Shoulder Impingement Tendinitis (Rotator Cuff Bursitis) web based movie
The shoulder is a complex joint where several bones, muscles, and ligaments connect the upper extremity to the chest. The rotator cuff is a group of muscles and tendons that attach to the bones of the shoulder joint providing movement and stability to the shoulder. Inflammation of the rotator cuff tendons is called rotator cuff tendonitis or shoulder impingement tendonitis. “Impingement” means the tendon is rubbing on the bone. This rubbing irritates the rotator cuff tendons and causes thickening and swelling of the tendons and bursa. Shoulders with impingement tendinitis frequently have reduced clearance for the tendon to slide under the bone. The rotator cuff tendon is squeezed between the acromion process of the shoulder and the humeral head of the arm. This compression results in pain, tenderness, swelling, warmth and redness in the shoulder. As the conditions progresses, shoulder motion may be reduced.
Three bones, namely the upper arm bone (humerus), the shoulder blade (scapula) and the collar bone (clavicle) join together to make the shoulder joint.
The acromion is a protuberance of the shoulder bone or scapula. Ligaments are the thick strands of fibers that connect bone to bone. Ligaments connect the collar bone to the shoulder blade at the acromion process.
Bursa is a sac between the acromion process and the rotator cuff. It contains a lubricating fluid that prevents friction between the moving rotator cuff and the acromion.
Rotator cuff bursitis may be caused by repeated minor trauma such as overuse of the shoulder joint and muscles or significant trauma such as a fall.
Rotator cuff tendonitis may occur due to:
Diagnosis involves physical examination by the doctor. X-rays are ordered to evaluate each patient’s individual anatomy, presence of fractures, or other causes of the pain such as arthritis and to check if shoulder impingement is due to a bone spur.

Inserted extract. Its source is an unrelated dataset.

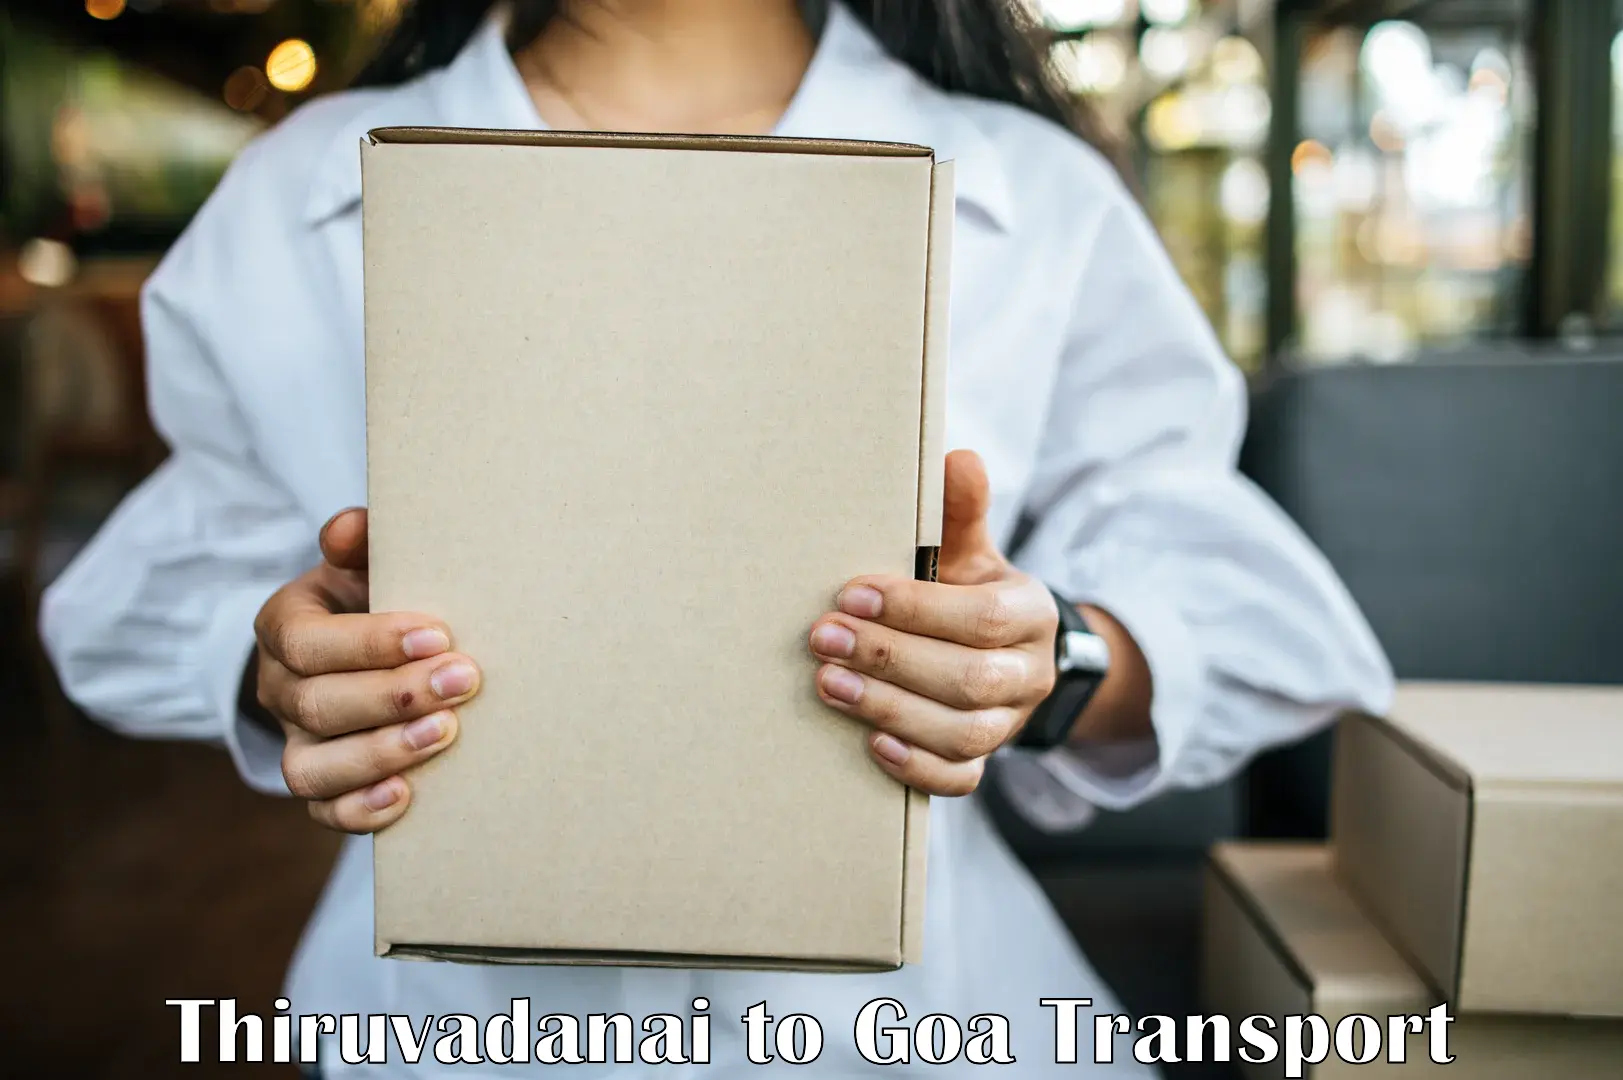 Transportation services Thiruvadanai to Ponda

Soft tissues such as muscle and tendons cannot be seen by X-ray so an ultrasound or MRI scan may be ordered to see if shoulder bursitis or shoulder tendinitis is involved.
Your doctor may give an injection of an anesthetic drug in the space below the acromion to see if it provides relief for the pain. If it does, it confirms that the pain was due to rotator cuff tendinitis or shoulder impingement.
Treatment generally involves avoiding overhead activities totally for a time to rest the affected tendons and muscles. Non-steroidal anti-inflammatory medicines are given to reduce inflammation and thus help in decreasing pain and swelling. Some shoulder muscle strengthening exercises are also advised. If this does not provide relief an injection of local anesthetic and corticosteroid, a strong anti-inflammatory agent, may be given in the bursa below the acromion. Cortisone injections are generally not given if there is evidence of bone rubbing on the rotator cuff tendon. The condition usually takes a few months to recover completely. If conservative treatment measures do not resolve the problem, your doctor may recommend surgery.
The goal of surgery is to create more space for the rotator cuff by removing the front (anterior) edge of the acromion bone and the inflamed tissue of the bursa. The surgery is done arthroscopically. With arthroscopy, a minimally invasive surgical procedure, a tubular instrument called an arthroscope and other surgical tools are inserted into the shoulder joint through three small incisions. The arthroscope has a camera on the end that allows a large picture of the inside of the joint to be displayed on a video monitor for the surgeon. Once the problem is repaired, the incisions used in arthroscopy are sutured. Advantages of arthroscopy over open surgery are less pain, shorter recovery, and fewer complications.
After the surgery pain medications are administered to relieve the pain and the arm is placed in a sling to allow healing. Your doctor will also prescribe physical exercises of the shoulder to get back functional mobility and strength in the shoulder muscle.